On July 21, 2020, the National Labor Relations Board (NLRB) issued a decision in General Motors LLC, 369 NLRB No. 127 (2020) which fundamentally changed the standard for, “determining whether employees have been lawfully disciplined or discharged after making abusive or offensive statements — including profane, racist, and sexually unacceptable remarks — in the course of activity otherwise protected under the National Labor Relations Act” (Act).
Prior to its decision in General Motors, the NLRB had established three different setting-specific tests for determining whether otherwise abusive or offensive comments were protected by the Act and therefore could not be addressed through discipline or discharge.
In its press release on the decision, the NLRB stated, “while these tests were based on the view that employees should be permitted some leeway for impulsive behavior when engaging in activities protected under the Act, they often resulted in reinstatement of employees discharged for deeply offensive conduct. These decisions were out of step with most workplace norms and were difficult to reconcile with antidiscrimination law.” In commenting on the decision, Chairman John F. Ring stated, “this is a long-overdue change in the NLRB’s approach to profanity-laced tirades and other abusive conduct in the workplace. For too long, the Board has protected employees who engage in obscene, racist, and sexually harassing speech not tolerated in almost any workplace today. Our decision in General Motors ends this unwarranted protection, eliminates the conflict between the NLRA and antidiscrimination laws, and acknowledges that the expectations for employee conduct in the workplace have changed.”

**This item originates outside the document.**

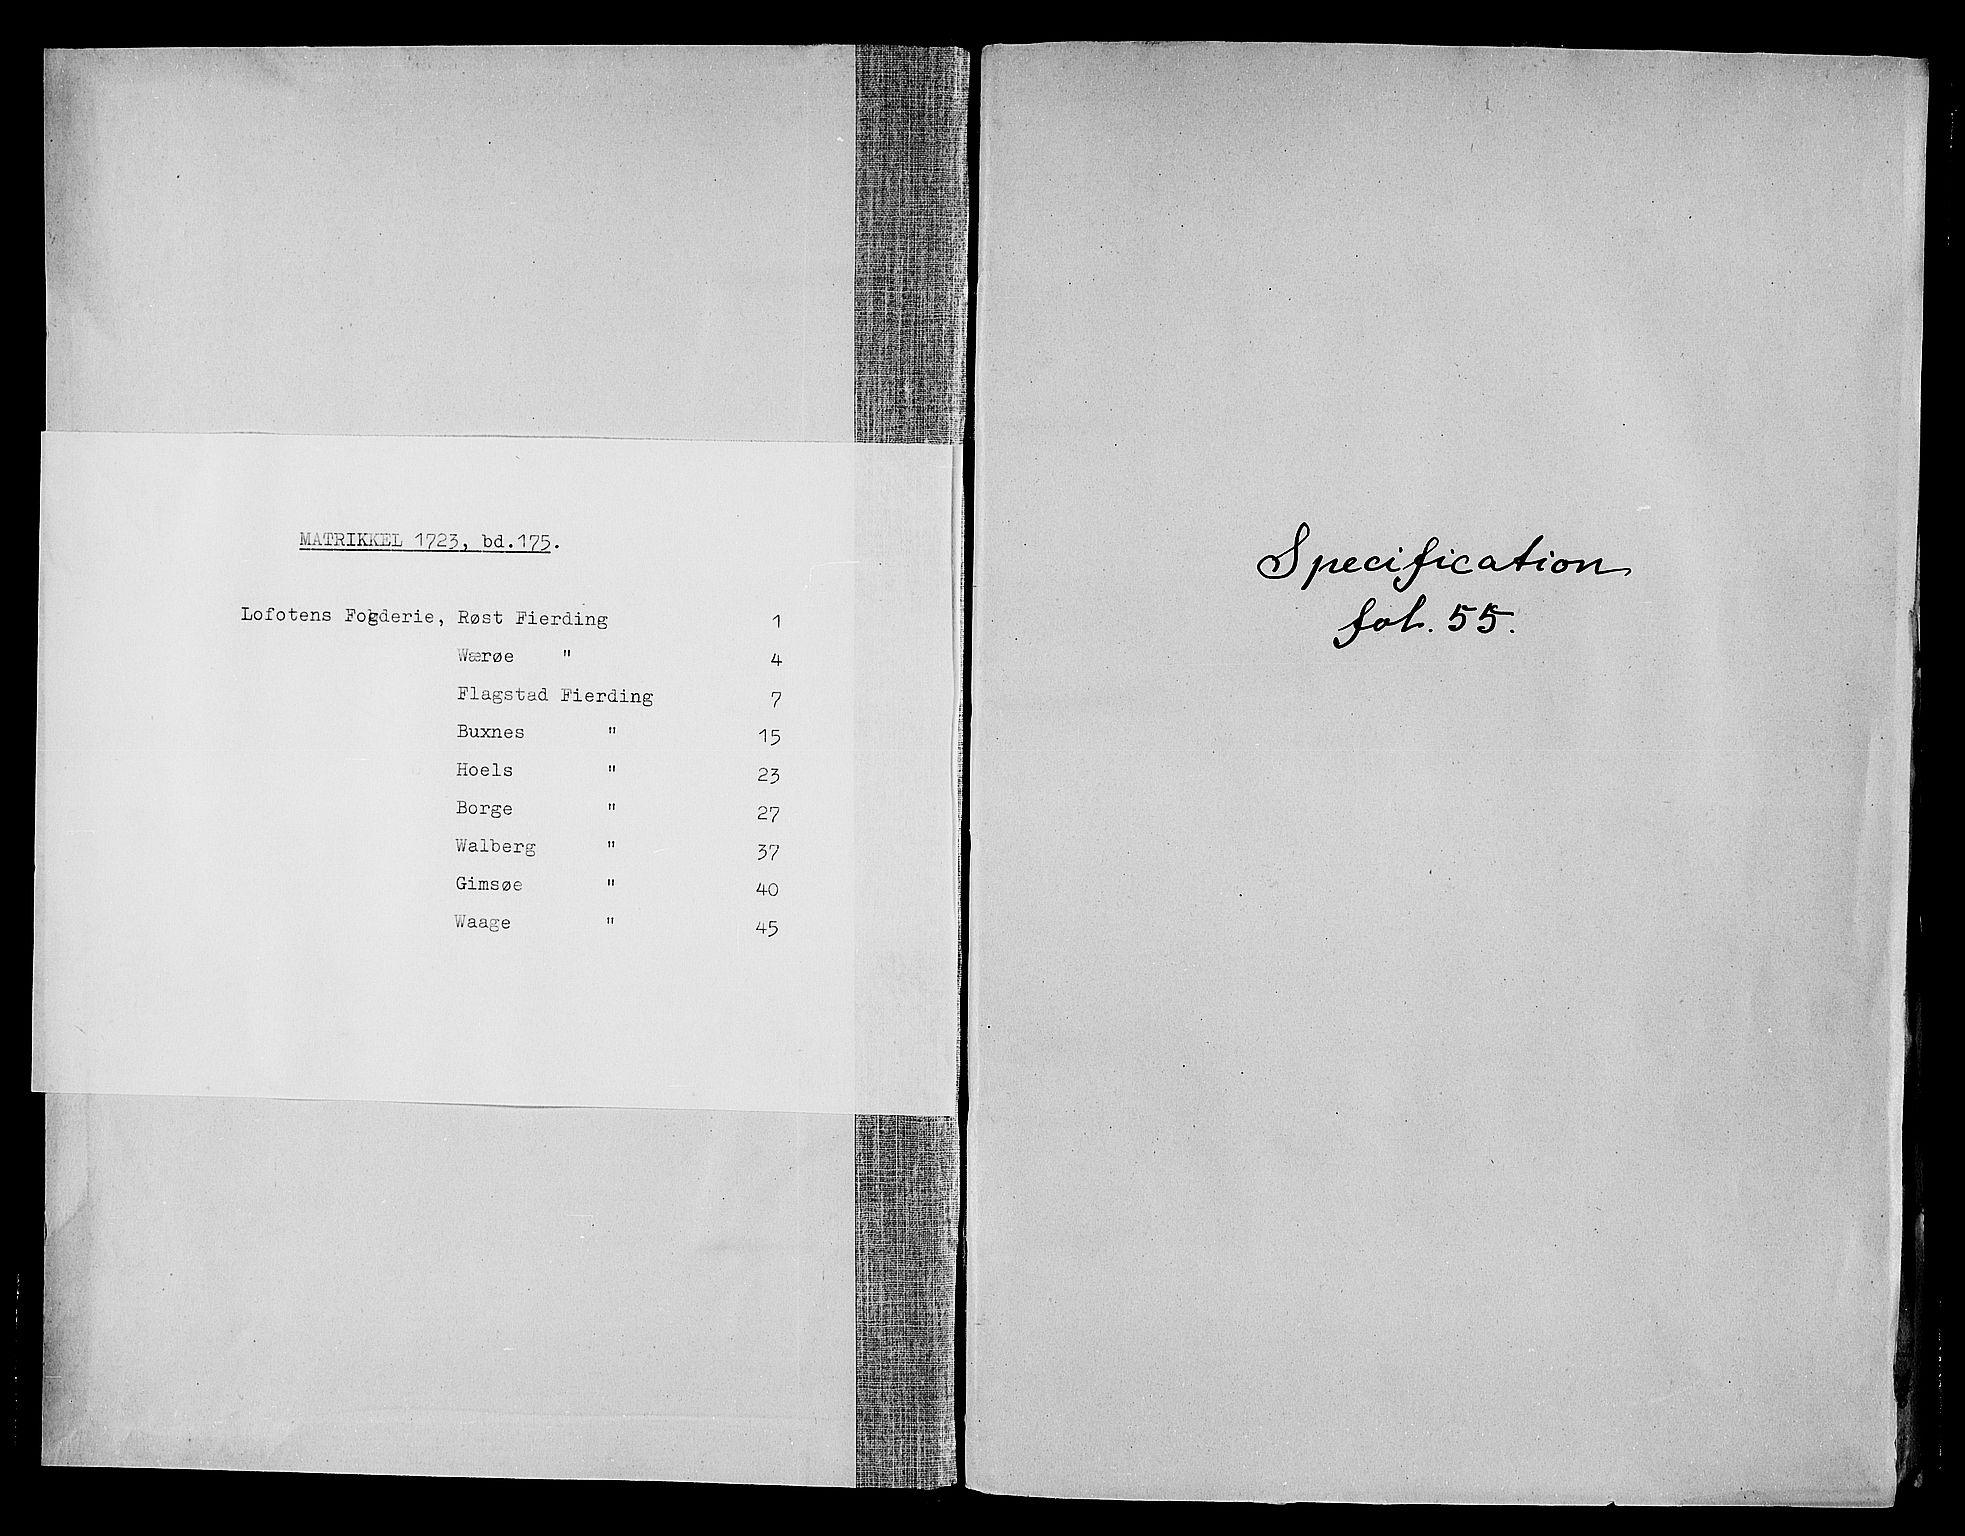 RA, Rentekammeret inntil 1814, Realistisk ordnet avdeling, N/Nb/Nbf/L0175: Lofoten matrikkelprotokoll, 1723, s. upaginert

Instead of three different tests, the NLRB held that speech of this nature will be analyzed under the existing Wright Line standard which provides for a burden-shifting analysis. The NLRB held, “… going forward, these cases shall be analyzed under the Board’s familiar Wright Line standard. In our view, abusive conduct that occurs in the context of Section 7 activity is not analytically inseparable from the Section 7 activity itself. If the General Counsel alleges discipline was motivated by Section 7 activity and the employer contends it was motivated by abusive con¬duct, causation is at issue. As in any Wright Line case, the General Counsel must make an initial showing that (1) the employee engaged in Section 7 activity, (2) the employer knew of that activity, and (3) the employer had animus against the Section 7 activity, which must be proven with evidence sufficient to establish a causal relationship be¬tween the discipline and the Section 7 activity. If the General Counsel has made his initial case, the burden of persuasion shifts to the employer to prove it would have taken the same action even in the absence of the Section 7 activity.” If, however, the evidence as a whole establishes that the employer’s stated reasons are pretextual, there is no need to perform the second part of the analysis.
This significant change in the law will provide welcome relief to employers in their efforts to ensure that their workplace is free from “profane, racist, and sexually unacceptable remarks.”